Por que se diz, com tanta frequência – e injustamente, sublinho -, com deboche e escárnio, que os magistrados do segundo grau são apenas uns privilegiados, como se vivessem apenas em razão do bônus do poder, sem compromisso e sem responsabilidade com as suas decisões?
A arrogância de uns poucos, a prepotência dos despreparados para o exercício do cargo, e o desprezo de uns poucos pela própria instituição seriam a causa de tanta zombaria?
A vaidade excessiva – e, às vezes, até doentia – de alguns poucos é que nos conduz a essa situação? Ou, nessa medida, estar-se-ia simplificando as coisas?
Os jocosamente alcunhados juízes TQQ’s seriam a razão da nossa desdita, do nosso infortúnio, do nosso pouco crédito?
A baixa produtividade, e a falta de compromisso de uns poucos, seriam relevantes a ponto de espargirem a nódoa do descrédito em toda instituição?
E os que trabalham, que se dedicam, que honram a toga, que não negociam as decisões, que se esmeram para bem decidir, devem suportar os efeitos irradiados pela inércia, pela contumácia, pela pachorra, pela incúria dos descomprometidos?
As ações do CNJ, por terem escancarado algumas das nossas mazelas, seriam a causa maior do nosso descrédito nos dias atuais?
O que fazer diante desse quadro? Calar? Fingir que não vê? Deixar-como-está-para-ver-como-é-que-fica?
E as consequências desse descrédito? Não teria chegado a hora de contabilizar as nossas perdas, sem máscaras, sem enleio, com a necessária firmeza ?
É correto fingir que não temos nada a ver com isso?
Não seria chegada a hora de, uma vez identificados, expungir, defenestrar, com sofreguidão, sem pena e sem dó, os maus profissionais, os que contaminam, que destroem, com a sua ação daninha, a nossa instituição?
Por que alguns chegam ao extremo de dizer, com tanta tenacidade – e maldade, no mesmo passo – , que somos parasitas do Estado?

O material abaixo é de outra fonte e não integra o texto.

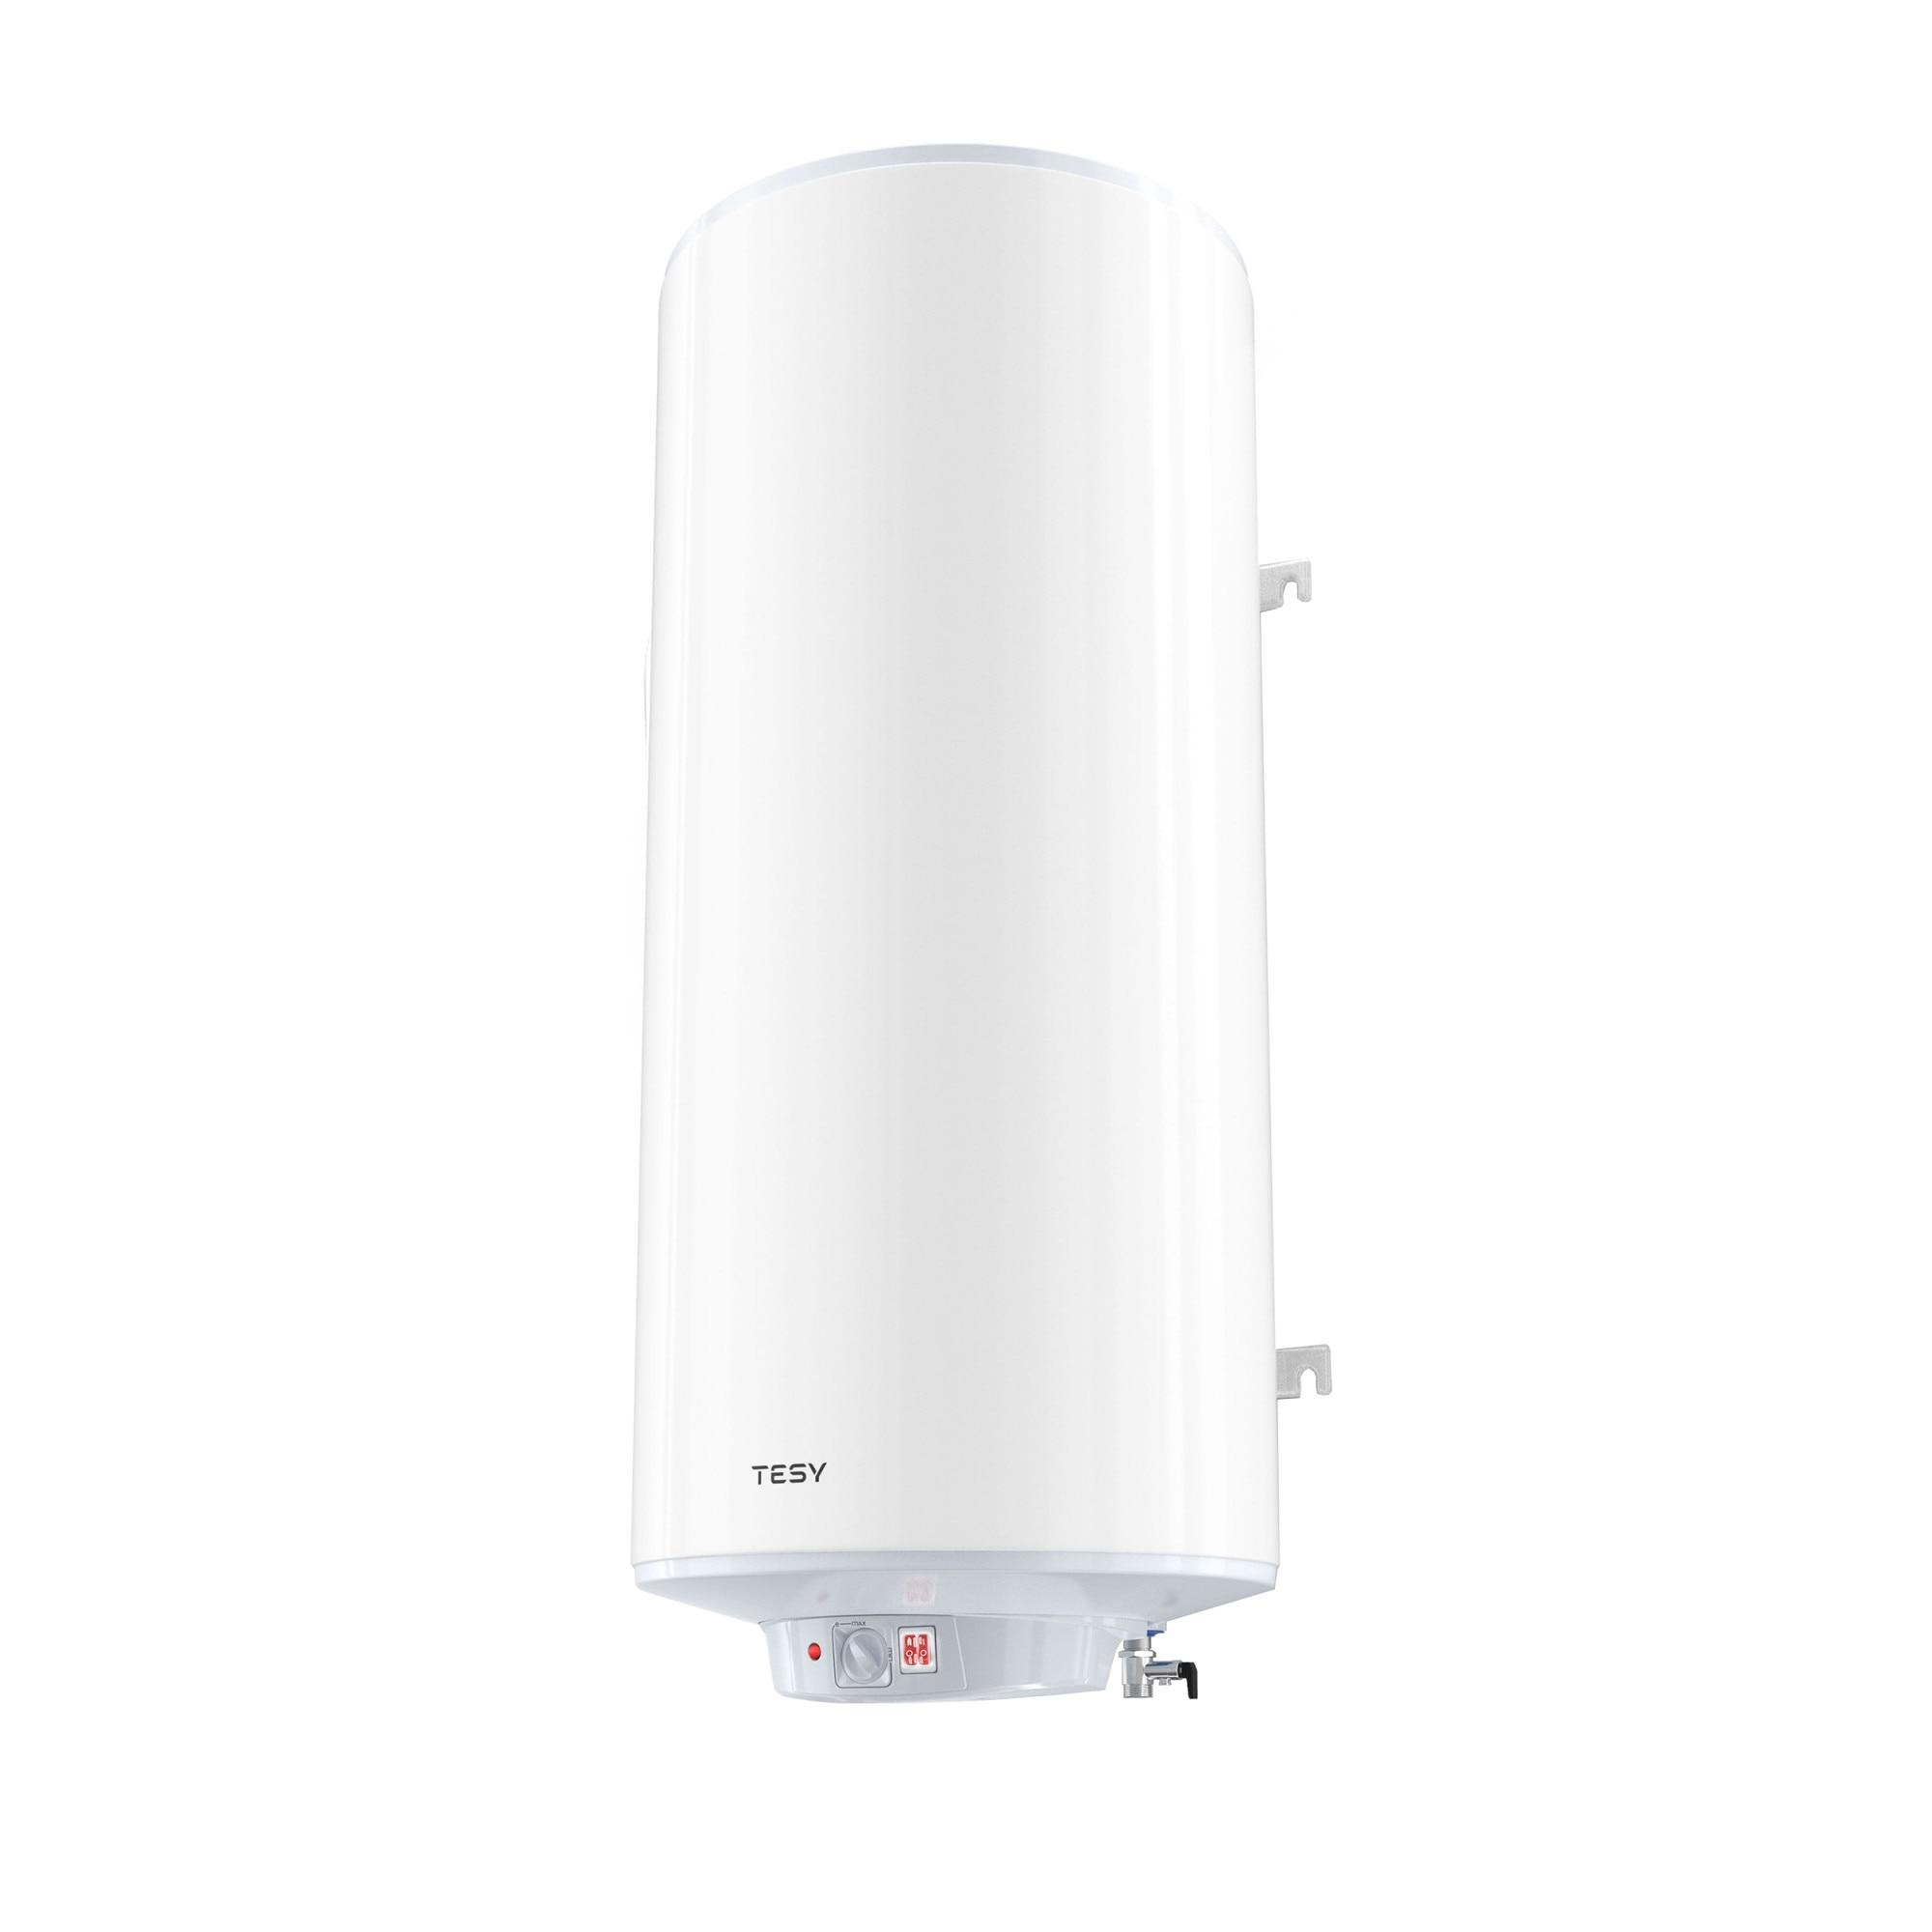 Fotografie Boiler electric Tesy MaxEau GCV 2005620 D06 SRC, 2000W, 200 l, 8 bar, protectie anti-inghet, 40mm, Alb

O que fizemos para merecer esse tratamento, essa descortesia?
E os juízes que dedicaram – e os que dedicam – a sua vida, a sua história, a sua saúde, a sua dignidade, o seu tempo, as suas horas de lazer à magistratura, não estão a merecer um desagravo?
Se não somos todos iguais, se a absoluta maioria dos magistrados tem compromisso com a judicatura, por que, então, nos desprezam? Isso decorreria da ostentação de uns poucos?
Por que tantos reclamam, pelos corredores dos Fóruns, por exemplo, da descortesia de determinados magistrados? Isso é ficção ou realidade? Isso nos desgasta ou não? Essa seria, sinceramente, uma das muitas razões de sermos malvistos pelos comuns dos mortais?
Nós, magistrados, temos o direito de tratar com arrogância – às vezes, até deseducadamente – os nossos funcionários, as testemunhas, os réus, os advogados? Quem nos deu esse direito? O poder, apenas? O poder que temos é de julgar as demandas, o direito material, ou de julgar os litigantes?
Nós temos que encontrar respostas, urgentemente, para essas questões.
Nós não podemos mais nos mostrar indiferentes em face do desprezo e do desrespeito com que nos tratam.
A sociedade nos cobra; a nossa consciência exige uma tomada de posição.
Para não ser respeitado, para ser pisoteado, para ser apontado como um marginal (no sentido de estar à margem de) togado, em face da ação descomprometida de alguns, prefiro sair de cena; antes,porém, concito os colegas a uma profunda reflexão sobre o que acabo de expor – preocupado, muito preocupado, preocupadíssimo.